James Legge was born on 20 December 1814 at Huntly, Aberdeenshire. He studied at Kings College and the University of Aberdeen, and at Highbury College. He was ordained on 25 April 1839 at Trevor Chapel, Brompton. On 30 April 1839, he married Mary Isabella Morison (b 3 April 1816).
He was appointed to the London Missionary Society (LMS) in 1839, and was posted to China. He arrived at Malacca on 10 January 1840, where he served as Head of the Anglo Chinese Mission in Malacca from 1840-1843. In 1842, he received the diploma of D.D. from the University of New York. After the opening of the Ports of China, he left Malacca on 6 May 1843, for Singapore. There he began his work translating and annotating the Chinese Classics, which he was to continue until shortly before his death. He proceeded to Macao, and arrived at Hong Kong on 10 July 1843. At the Conference of LMS Missionaries that year, he was appointed to the charge of the Anglo-Chinese Theological Seminary at Hong Kong. Between November 1845 and 1848, Mr and Mrs Legge visited England and China, before returning to Hong Kong. Mrs Legge died at Hong Kong on 17 October 1852. During a visit home to England (1858-1859), James Legge married his second wife, Hannah Willetts, widow of the Reverend G. Willetts and daughter of John Johnson. In June 1859, they sailed with his two daughters, to Hong Kong.
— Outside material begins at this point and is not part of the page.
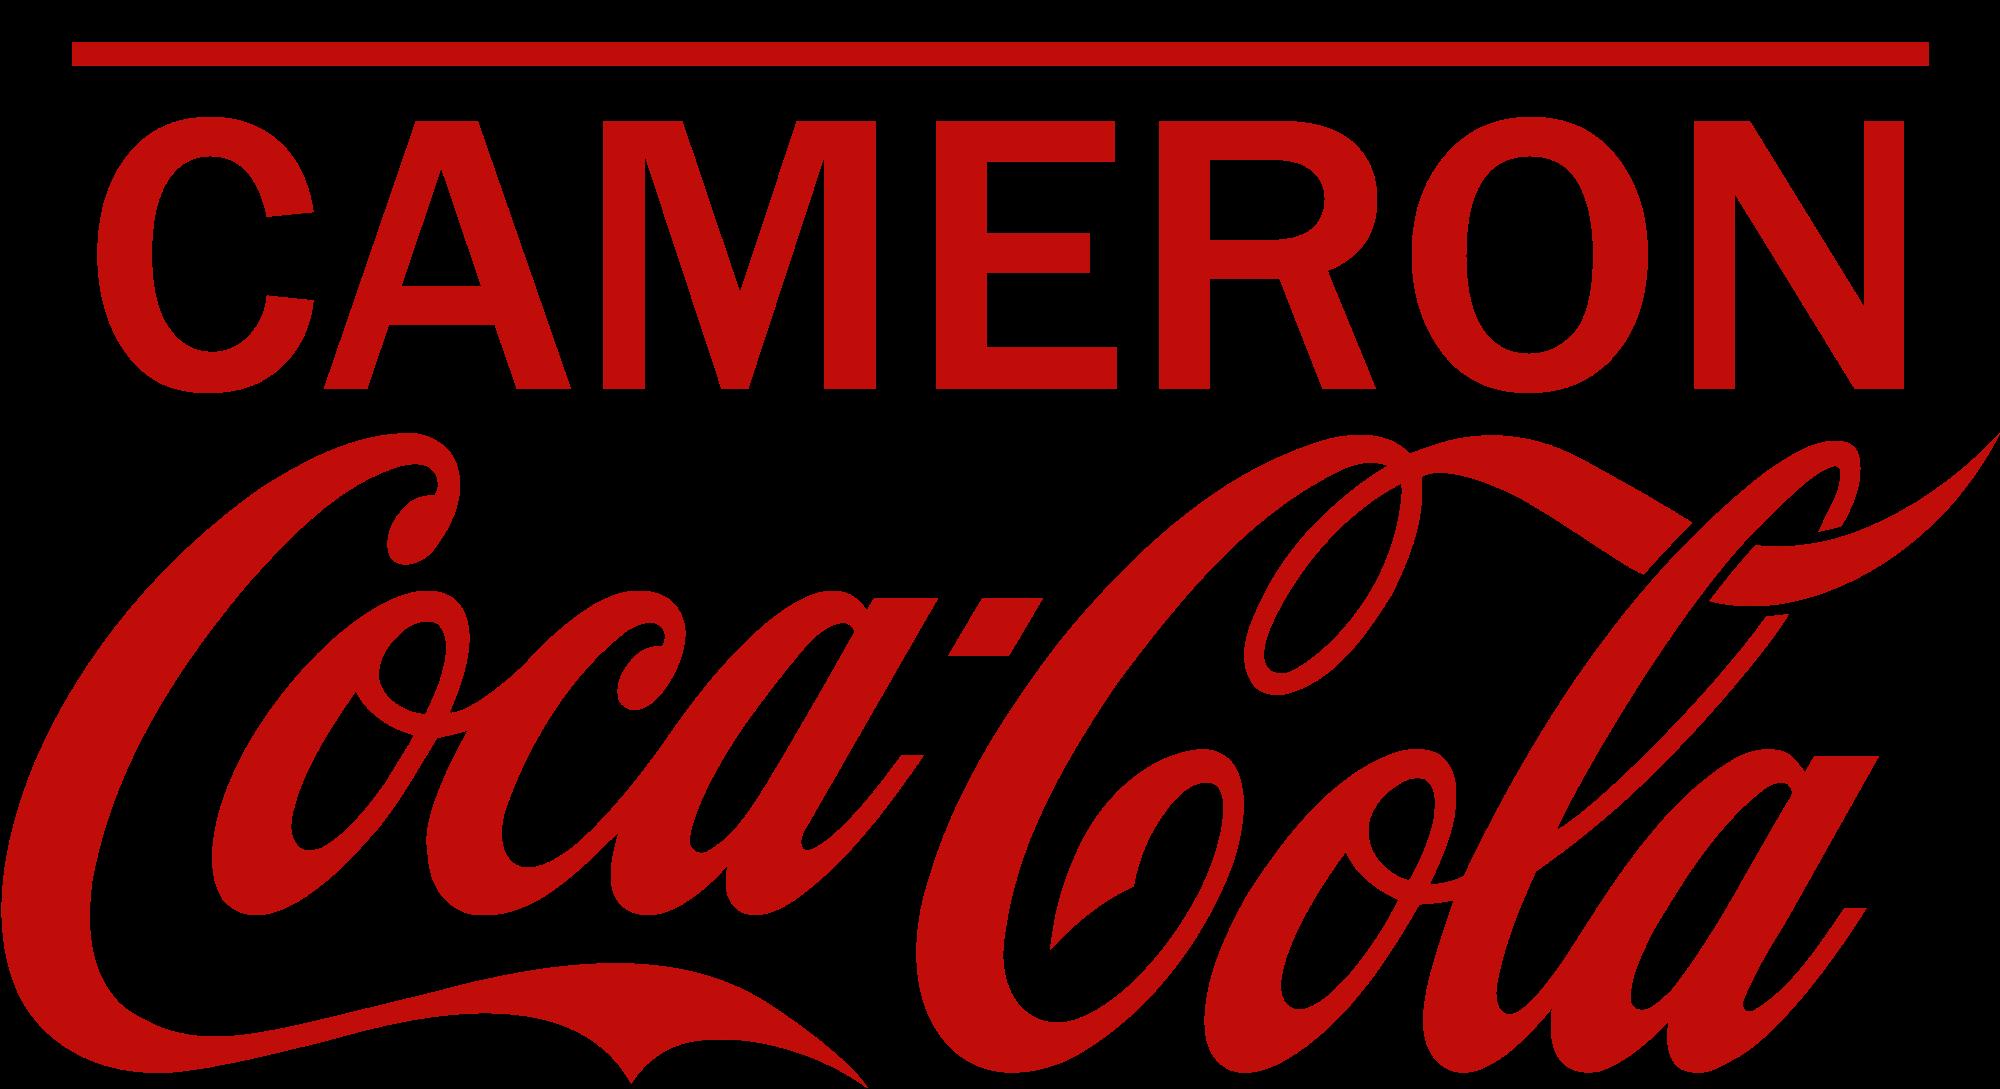 Coca Cola svg #10, Download drawings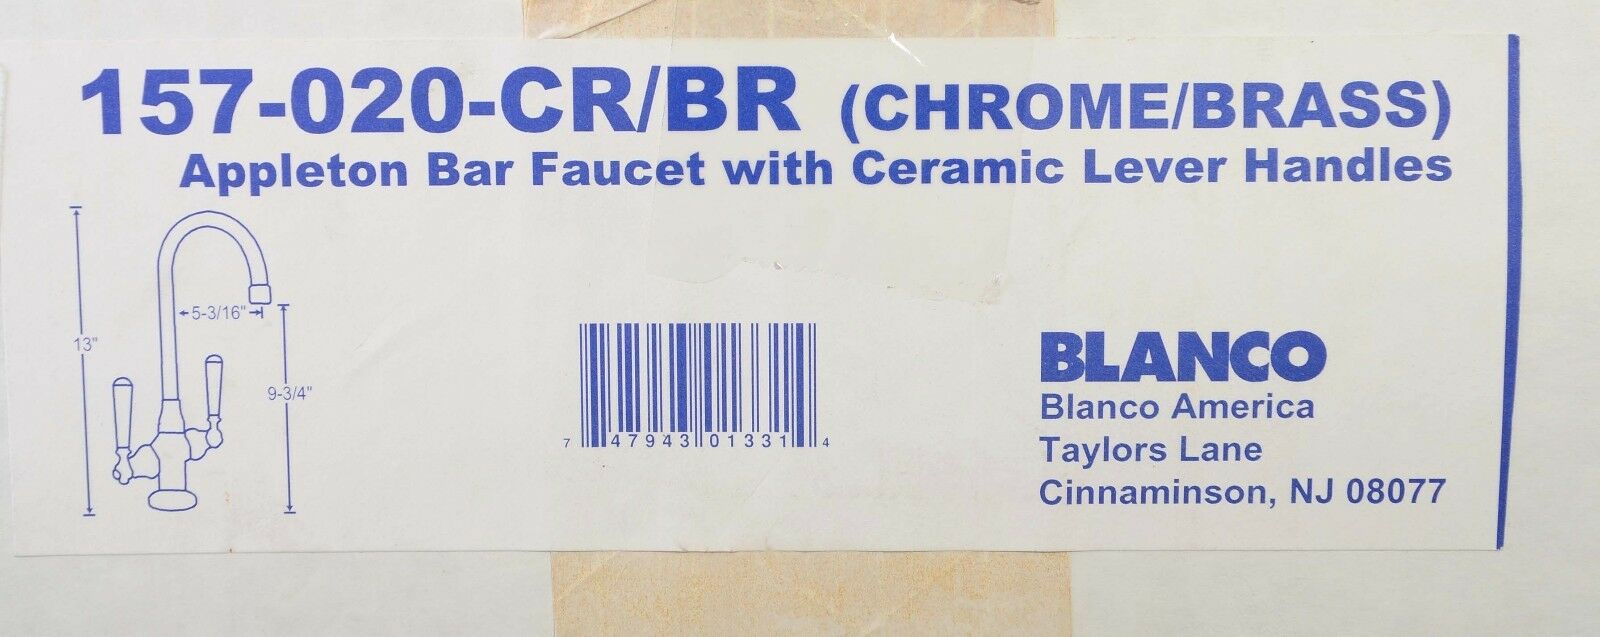 Chrome Brass Bar Faucet Blanco 157-020-CR//BR Appleton 2 Ceramic Handle Classic

In 1861, James Legge published his first volume of The Chinese Classics . In 1866, Mrs Legge returned to England, followed by James Legge in 1867. In 1870, the degree of LL.D. was conferred on him by the University of Aberdeen. In February 1870, he sailed alone for Hong Kong to take up a three-year Pastorate with the Union Chapel, Hong Kong. At the end of this term he visited the stations at Shanghai, Chefoo and Peking and returned to England by Japan and the United States, arriving in England in August 1873. In November 1873, he withdrew from the position of missionary with the LMS. In 1876 he was appointed to the Chair of Chinese at the University of Oxford. Mrs Hannah Legge died on 21 June 1881. James Legge died on 29 November 1897.
James Legge's publications included: The Chinese Classics , 8 volumes, (Trubner & Co.); The Religions of China , (Hodder & Stoddington, 1880) Also numerous pamphlets on Chinese subjects, together with translations from Chinese.
From the guide to the Legge Family Papers, 1859-1897, (School of Oriental and African Studies)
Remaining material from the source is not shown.